Все эти мысли крутятся в голове, пока я смотрю, как ребята бегают свои положенные четыре круга. Зуй и Бава особо не напрягаются, бегут медленно, переговариваясь между собой. Почти уверен, обсуждают девчонок, надеюсь только, не десятиклассниц. Черт, да что со мной такое…

Опускаю взгляд себе под ноги и потом возвращаю его обратно, сразу находя Субботу с ее подружкой. Обе в похожих леггинсах. Абрикосова, определенно, симпатичная, еще эти экзотичные кудрявые волосы, она смотрится очень интересно, сразу выделяется из толпы. Но, вот сюрприз, мой взгляд почему-то прилипает к Гелику.

Объясняю это тем, что ее я знаю лучше всех. В смысле, из десятого. Ну, кроме Богдана. То есть… Боже, все! Так я точно закопаюсь.

И тут я практически чувствую, будто у меня на загривке шерсть встает дыбом. По крайней мере ощущения именно такие. Потому что, когда в очередной раз поднимаю голову, вижу, как Бава догоняет девочек, ровняется с Субботой и что-то говорит ей. Она смеется.

Бавинов всегда говорит, что покорить девушку проще всего, только рассмешив ее. Точнее, он говорит иначе. Этот дурак постоянно повторяет — в постель девочек укладывает смех. Но не с Субботой же!

Я прекрасно знаю, что опыта у него не так уж много, но заполучить его он очень стремится. Такая бравада в одиннадцатом классе — это даже несколько забавно. Но сейчас мне не очень смешно.

Сам того не осознавая, я вскакиваю на ноги, подхожу к кромке поле.

Порыв идиотский. Не буду же я за шкирку его оттаскивать, запретить ему я ничего не могу. Но я с детства знаю Гелю, просто хочу ее защитить.

Эта мысль даже в моей голове звучит по-идиотски, и я досадливо морщусь. От кого я защищать ее собрался, от Андрюхи? Он хороший парень.

Скрещиваю руки на груди и продолжаю смотреть на то, как Бава веселит Субботину и заодно ее подружку.

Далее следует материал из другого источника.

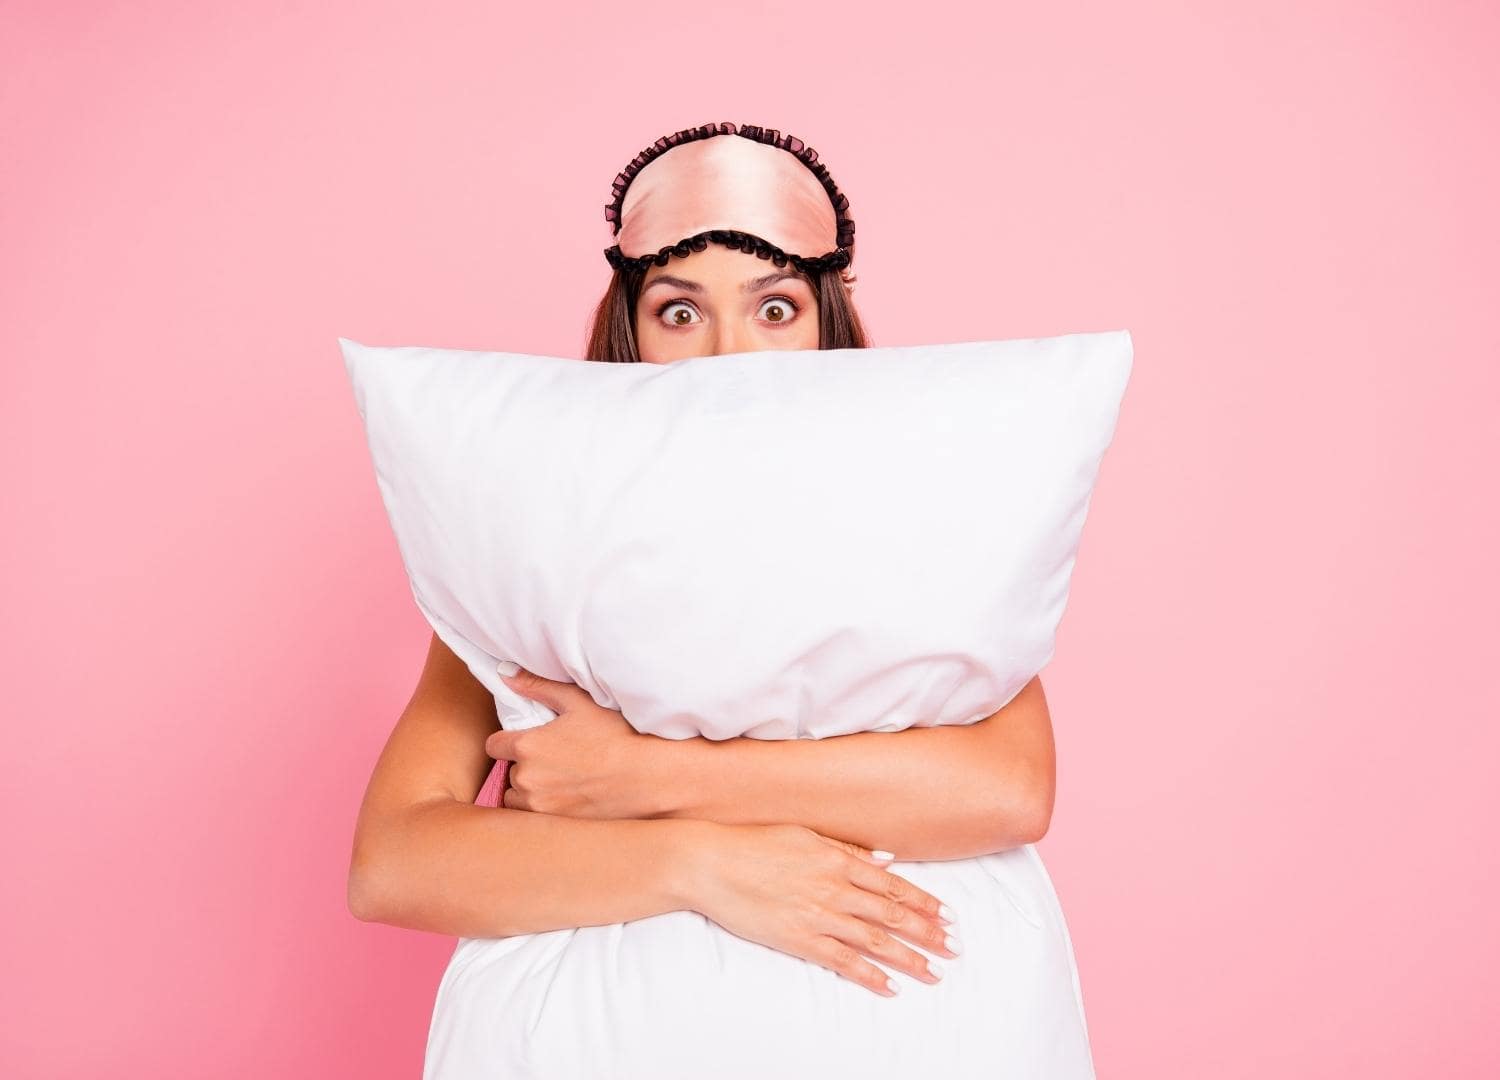 אישה מחבקת כרית, מאמר בלוג על שינה והקשר שלה לצוואר תפוס, כאבי ראש ממתח ומיגרנות

Пальцы против воли сжимаются в кулаки.

Ладно. Они взрослые люди. Если понравятся друг другу и захотят встречаться — ну что ж, надеюсь, будут счастливы.

Я отворачиваюсь и тут же ловлю непривычно хмурый взгляд Богдана. Смотрю в ответ прямо и сердито. Что ты от меня, твою мать, хочешь?! Чтобы я на твою сестру и смотреть не смел? Тогда об этом следовало договариваться.

Все внутри вибрирует от злости. На всех вокруг и на себя, только не понимаю, за что. Снова сажусь на скамейку.

Глаза, мне уже неподвластные, снова находят Гелю. Она как раз заходит на поворот, неспешно пробегает мимо и удаляется. Стараюсь не смотреть на то, как именно она это делает. Идиотизм. Это Субботина, что со мной не так?! Да и потом, она в мою сторону даже не смотрит. Спасибо, что хоть огрызаться перестала.

Физрук, тем временем, делит ребят на команды. Капитанами команд назначает Богдана и Баву. Пацаны подкидывают монетку, и Андрюха первым начинает набирать себе игроков. Конечно, он берет Гелю. На это я смотреть уже не хочу.

— Виктор Евгенич, — говорю тихо, подойдя к нему, — голова разболелась, я в раздевалке подожду.